— DATASET SECTION —
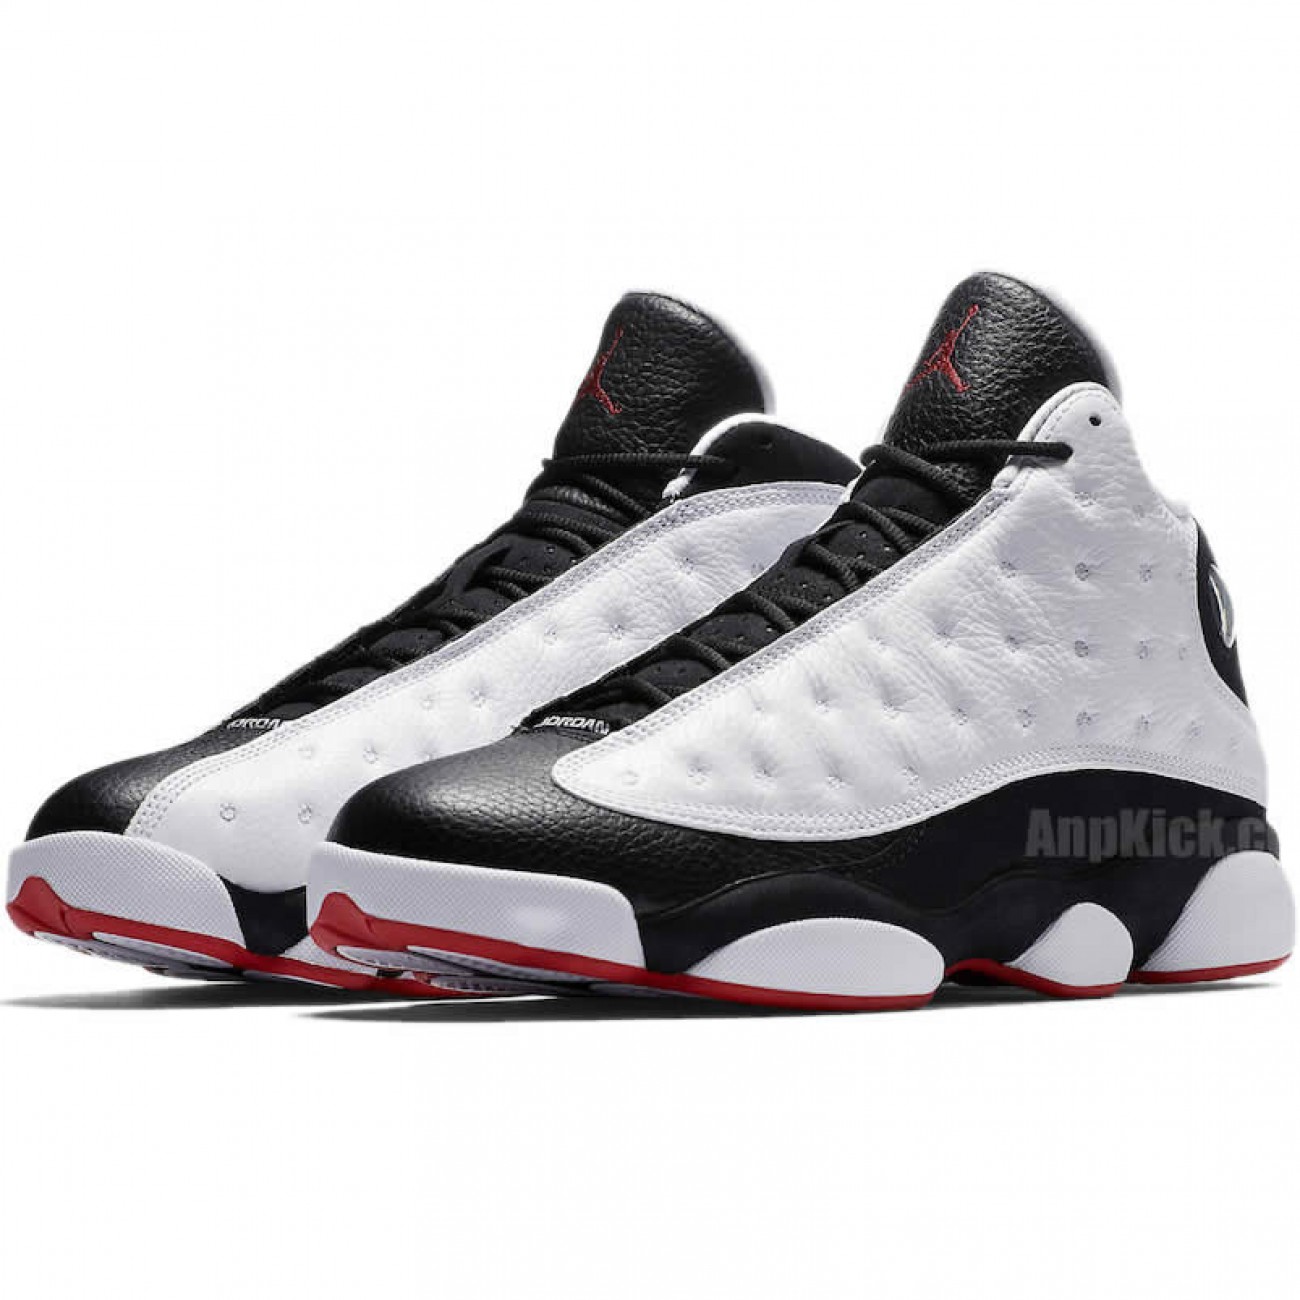 Air Jordan 13 "He Got Game" 2018 Black And White Outfit For Sale 414571-104
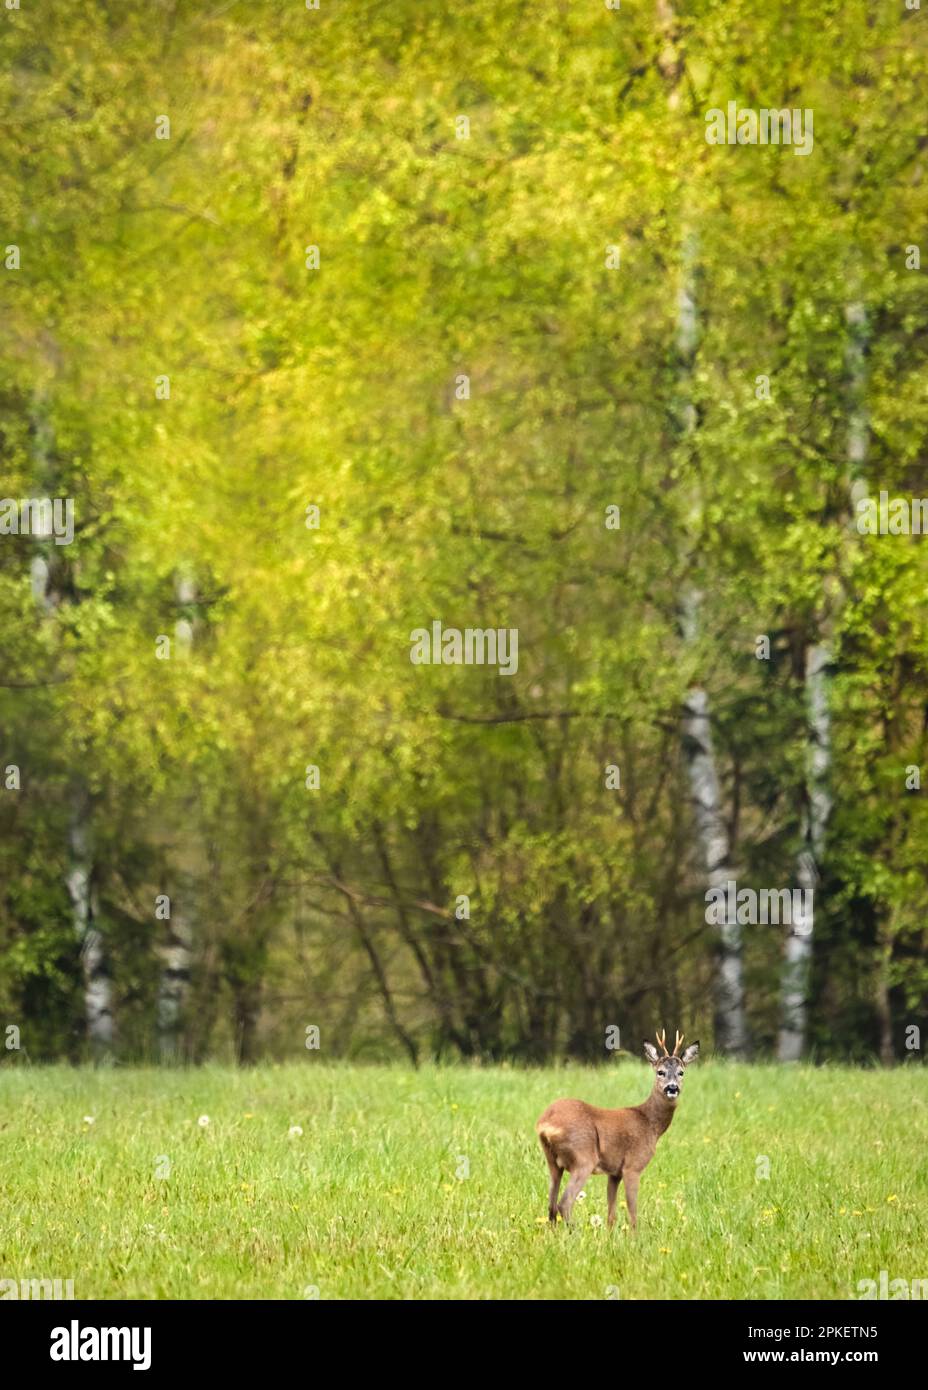 A juvenile male deer or buck on a lush green meadow looking into the camera, lush green birch trees in the background Stock Photo
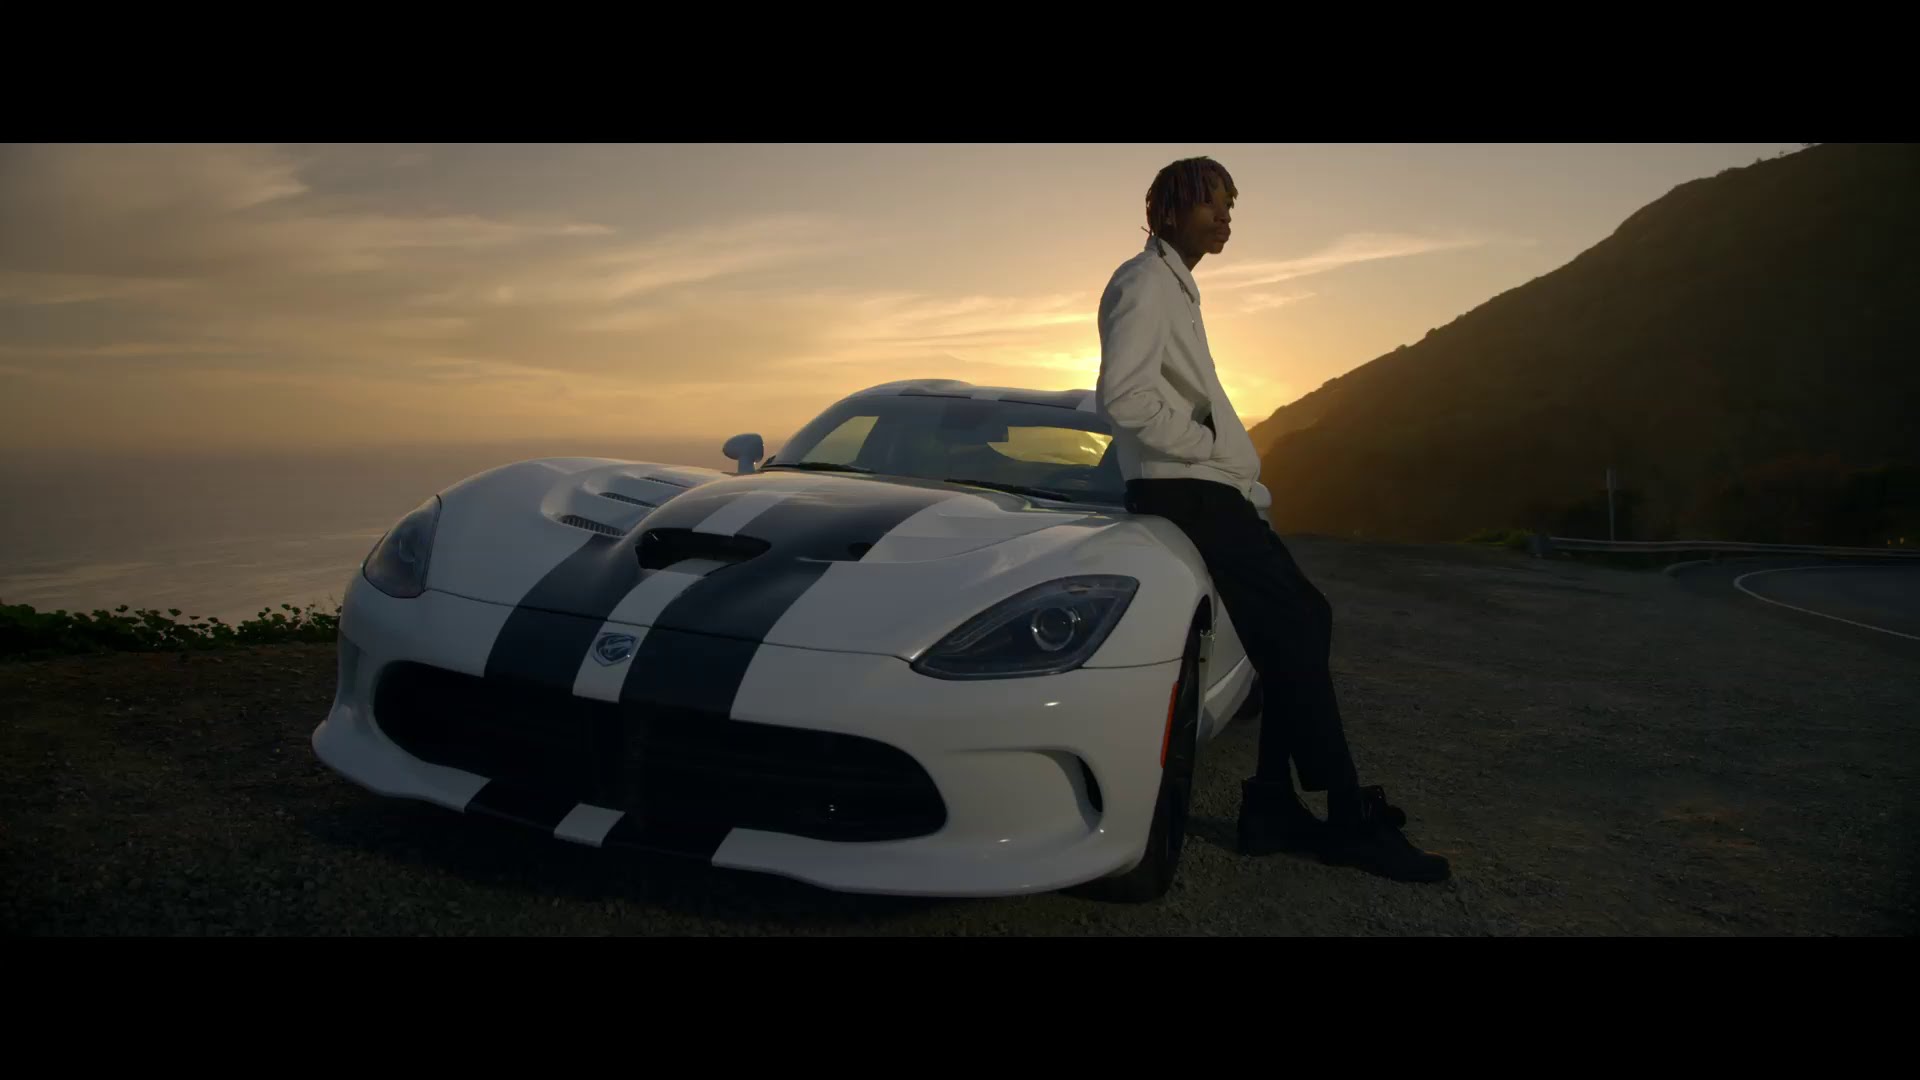 Wiz Khalifa’s ’See You Again’ topples ’Gangnam Style’ as most viewed YouTube video of all time

— ABOUT THIS EXERCISE —
Return all the data exactly, and keep the pictures out.

— OUTPUT FOR THIS TASK —
 Air Jordan 13 "He Got Game" 2018 Black And White Outfit For Sale 414571-104
 A juvenile male deer or buck on a lush green meadow looking into the camera, lush green birch trees in the background Stock Photo
 Wiz Khalifa’s ’See You Again’ topples ’Gangnam Style’ as most viewed YouTube video of all time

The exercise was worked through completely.